Level AAA

Level AAA criterion: prerecorded speech audio must have no background sounds, a mechanism to turn them off, or background mixed at least 20 dB below the foreground speech

1.4.7 Low or No Background Audio

In Plain Language

1.4.7 Low or No Background Audio (Level AAA) applies to prerecorded audio-only content where the foreground is speech. It requires one of three things to be true: the audio contains no background sounds, the background can be turned off, or the background is mixed at least 20 decibels below the foreground speech^[1]. Occasional sound effects of one or two seconds are exempt. The criterion does not apply to CAPTCHAs or to audio where the primary content is musical vocalisation.
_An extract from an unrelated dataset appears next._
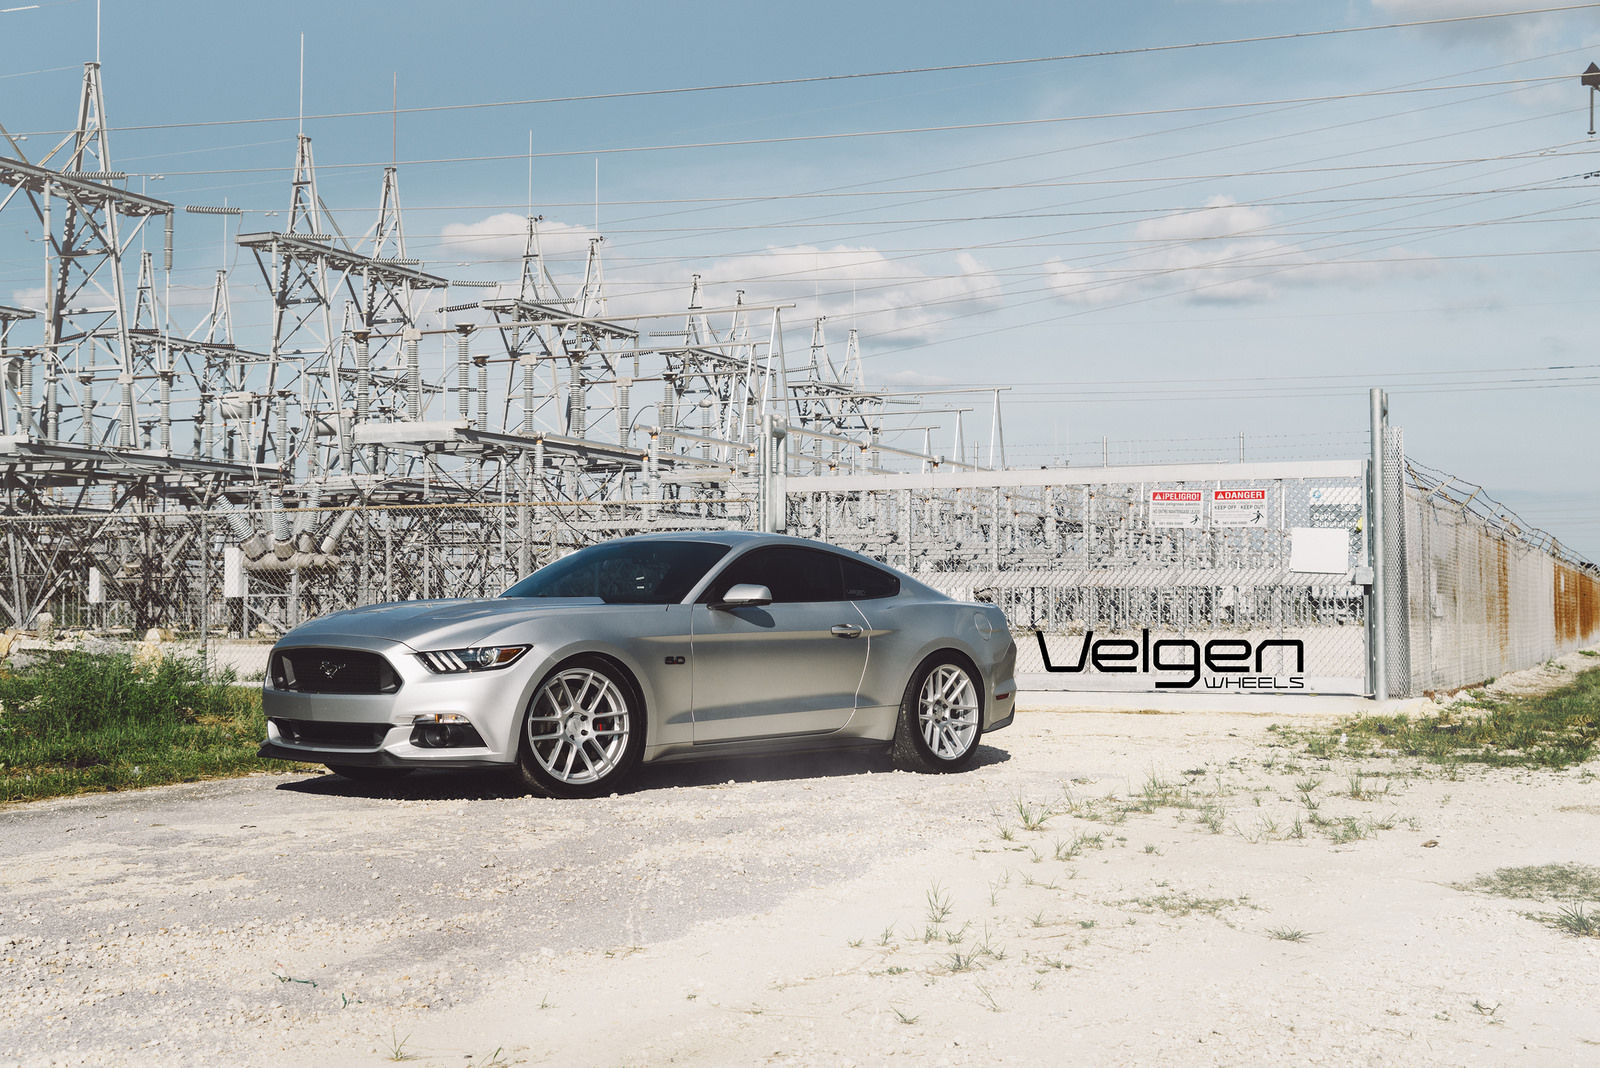 2015 Ford Mustang | 2015 Ingot Silver Mustang GT on Velgen Wheels VMB6 - Side Angled Shot

W3C frames the 20 dB threshold as "approximately four times quieter than the foreground speech" -- the separation at which users with mild-to-moderate hearing loss can still isolate the speaker's voice from a steady background bed. Below that gap, the speech and the background collide in the same perceptual channel and the narration becomes unintelligible.

Why It Matters

Age-related and noise-induced hearing loss degrades the cochlear frequency selectivity that non-disabled listeners use to separate a voice from a background bed. A hearing aid amplifies the whole mix, not just the speech, so a podcast with music at the same level as the narrator remains unintelligible after amplification -- the user needs the mix itself to put space between the two sources.
The mechanism failure is specific: a continuous background track (music, room tone, synth pad) at a level within 20 dB of the narrator's voice collapses into a single masked signal. Raising the volume does not help, because it raises the masker in lockstep with the speech.
1.4.7 is distinct from 1.4.2 Audio Control^[2], which is a Level A requirement covering any audio that plays automatically for more than three seconds and mandates a pause, stop, or volume control independent of the system volume. 1.4.2 governs whether the user can silence an autoplaying track; 1.4.7 governs the mix inside a prerecorded speech track the user chose to play.
It is also distinct from the 1.2.x captions and transcript criteria, which provide a text alternative to audio. A transcript does not rescue a listener who is trying to use the audio channel -- it routes them around it. 1.4.7 is about keeping the audio channel usable in the first place.

Examples

Do: Speech-only audio with no background

Tutorial: Screen Reader Basics

Clear narration with no background music or ambient noise.

Speech:-6 dB

Background:None

✔ No background audio -- meets 1.4.7

<!-- Good: audio recorded in quiet environment -->
<!-- No background music or ambient noise -->
<audio controls>
  <source src="tutorial-clean.mp3" type="audio/mpeg">
</audio>
<!-- Speech is the only audio content -->

Don't: Speech with loud background music

Podcast Episode 12

Narration competes with background music throughout.

Speech:-6 dB

Background:-12 dB

✘ Background only 6 dB below speech (needs 20 dB gap)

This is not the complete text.